К слову, родной ее сын, пятнадцатилетний Фруте, богентрегер Райтвис, намного превосходя Дитмара в искусствах и почти не отставая от Йоргена в науках, оказался совершенно непригоден к воинскому делу. Ландлагенар Рюдигер был тем весьма удручен. Любящие братья всеми силами пытались исправить положение: всякий раз наезжая в родительский замок, гоняли мальчишку до посинения, как последнего новобранца. Бедный Фруте старался изо всех сил, не отлынивал, не роптал, но, увы, был неисправим. И что удивительно, мать его это нисколько не печалило! Право, странный они народ – светлые альвы! Но говорить об этом вслух не стоит, дабы не навлечь на себя гнев королевского правосудия.

Иной раз Дитмар втайне задумывался: не права ли народная молва, согласно которой светлые альвы – все до единого – управляют тайными силами не хуже ученых магов и колдунов? Как иначе, если не чарами, можно объяснить то огромное влияние, что оказывала нежная, тихая и робкая Айлели на своего неукротимо-буйного и своенравного супруга? Взять того же Йоргена. До последнего своего брака ландлагенар Рюдигер в лучшем случае не замечал второго сына вовсе, в худшем – разговаривал с ним на языке поясного ремня и конской плети, которую выпускал из рук разве что за столом. Леди Айлели сумела повернуть дело так, что супруг ее стал для Йоргена настоящим отцом, искренне желающим сыну добра.

Одна беда – представления о добре у отца с сыном всякий раз оказывались диаметрально противоположными. Поэтому избежать стычек все равно не удавалось. И Йорген как-то признался брату, что, наверное, было бы лучше, если в их отношениях с отцом все оставалось по-старому. Лично ему было бы проще жить. Гораздо легче порвать навсегда с человеком, которому ты ненавистен или хотя бы безразличен, чем с тем, кто тебя любит.

– Ты что, серьезно намерен порвать с отцом?! – испугался тогда Дитмар.

– Нет, конечно! – сердито ответил Йорген. – Это я так, к слову.

И все-таки у старшего брата с тех пор было неспокойно на душе, опасался, как бы слово однажды не переросло в дело. И предстоящий скандал из-за женитьбы мог это дело очень даже ускорить.

Вот почему, танцуя вечером на балу (королевские балы редко ограничиваются одним днем), лагенар Дитмар фон Раух был, против своего обыкновения, так тих и скучен. Он обдумывал предстоящий разговор с отцом, который решил начать со слов: «Ответь мне, почтенный отец, почему ты ждешь от моего брата Йоргена послушания в том вопросе, в котором сам не слушал никого?»

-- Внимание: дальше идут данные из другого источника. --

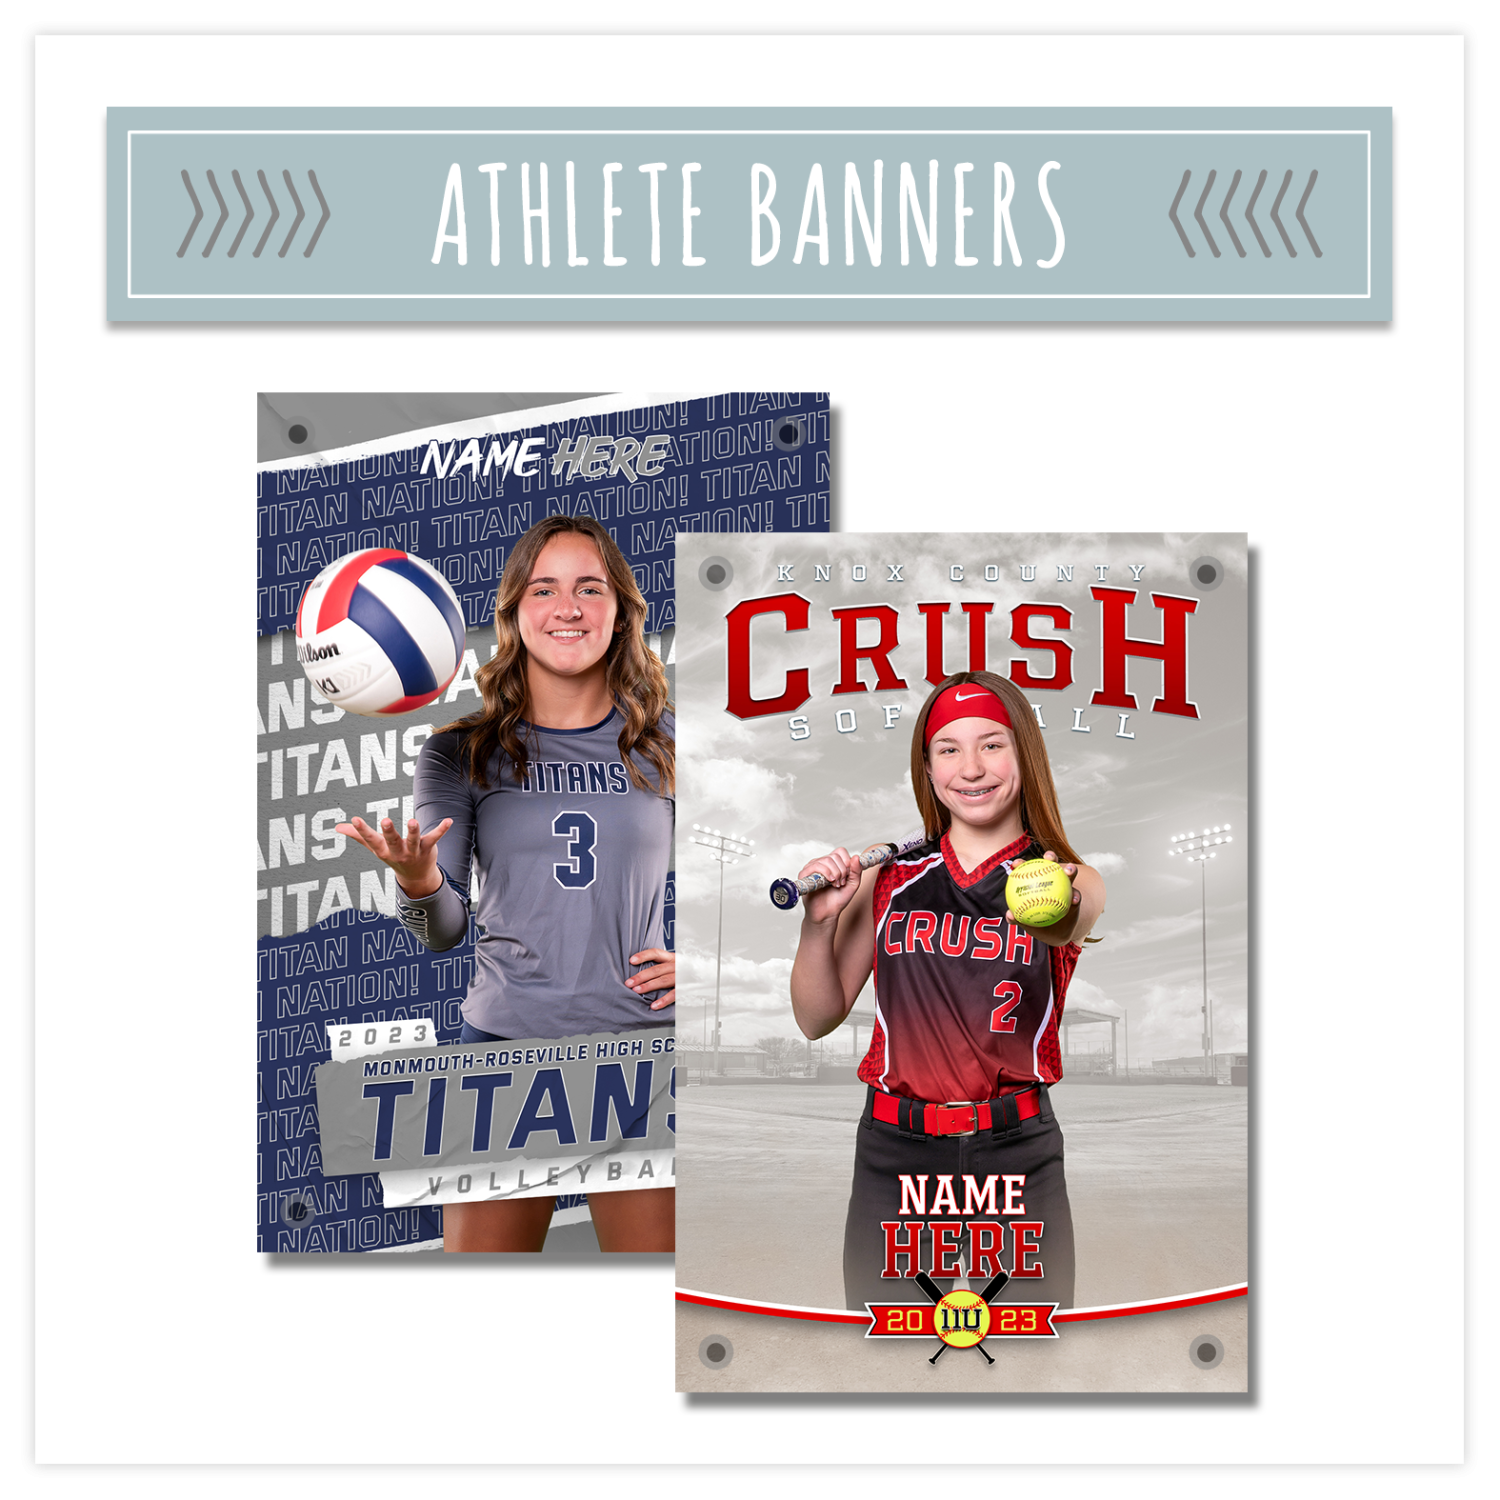 ATHLETE BANNERS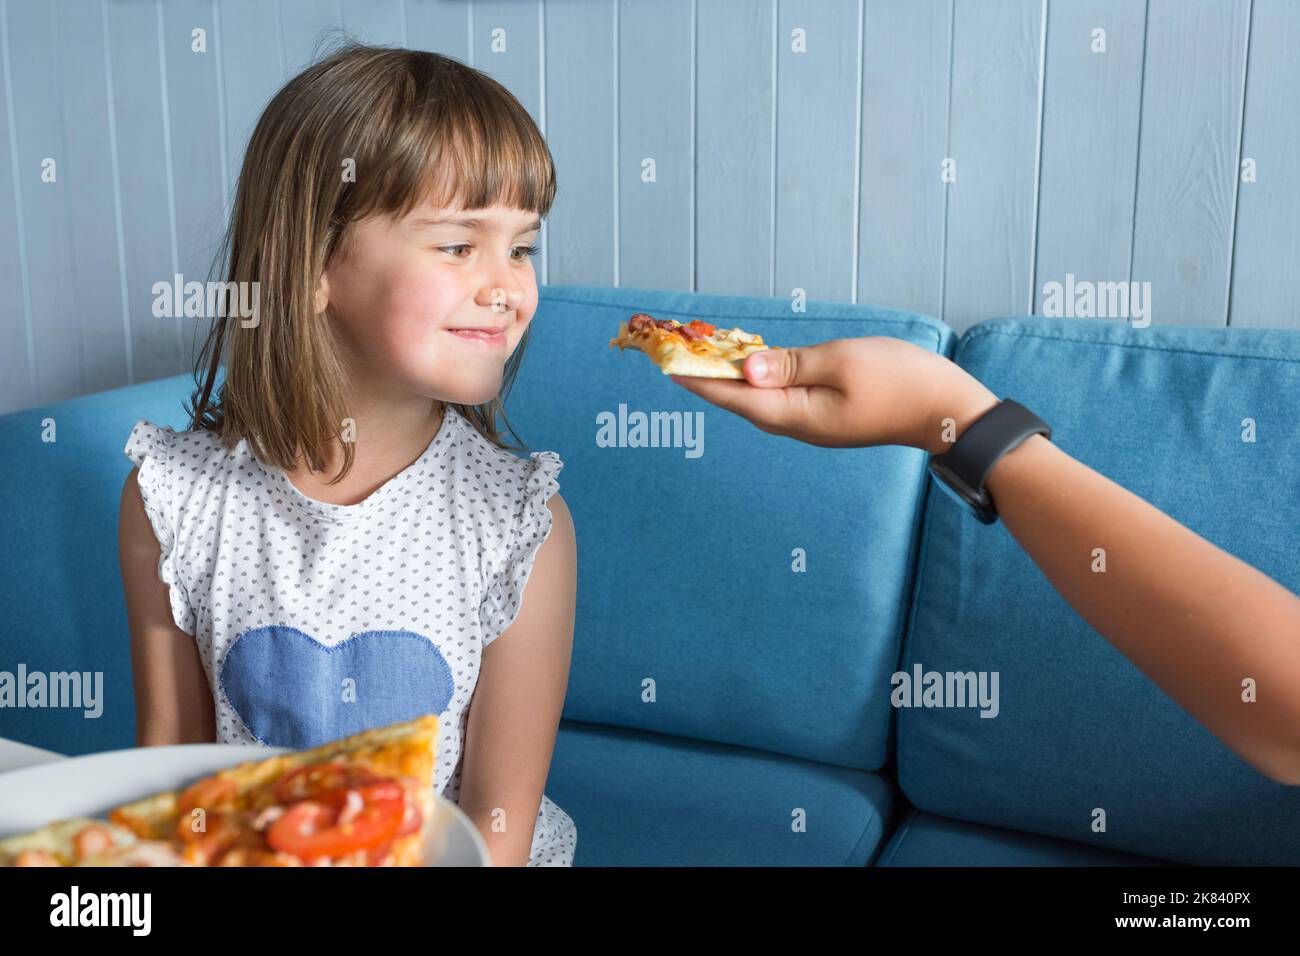 Little beautiful girl looking at a slice of pizza Stock Photo

Ланцтрегера Йоргена, в отличие от старшего брата, известие об отцовых намерениях отнюдь не смутило. Следовать им он не собирался из принципа, пусть даже невеста оказалась бы первой красавицей королевства. Вот если бы он сам ее выбрал – тогда другой разговор. Но позволить другому человеку, пусть даже близкому, вмешиваться в столь личные сферы его жизни – нет, нет и нет! Не бывать тому! Да и на красоту невесты, к слову, рассчитывать не приходится: будь она хороша собой, родственникам не было бы нужды завлекать женихов богатым приданым и титулами…

Отец, конечно, будет в бешенстве. И содержания, и без того давно урезанного, лишит вовсе, придется довольствоваться скромным жалованьем за службу. Наплевать! Пусть некоторые кривятся, но он, Йорген фон Раух, любит казарменную еду. Каприз у него такой.

И есть еще Дитмар, любящий и заботливый. Даже если он вдруг не сумеет урезонить отца, то впасть в нищету младшему брату точно не позволит. В общем, переживать не о чем, можно заняться вещами более интересными. К примеру, выяснить наконец, кто таков появившийся у него раб, и решить, что делать с ним дальше.

Раб сидел в своем углу с видом угрюмым и подавленным, обхватив руками согнутые колени, уронив голову на грудь. Еще никогда в жизни не было ему так скверно.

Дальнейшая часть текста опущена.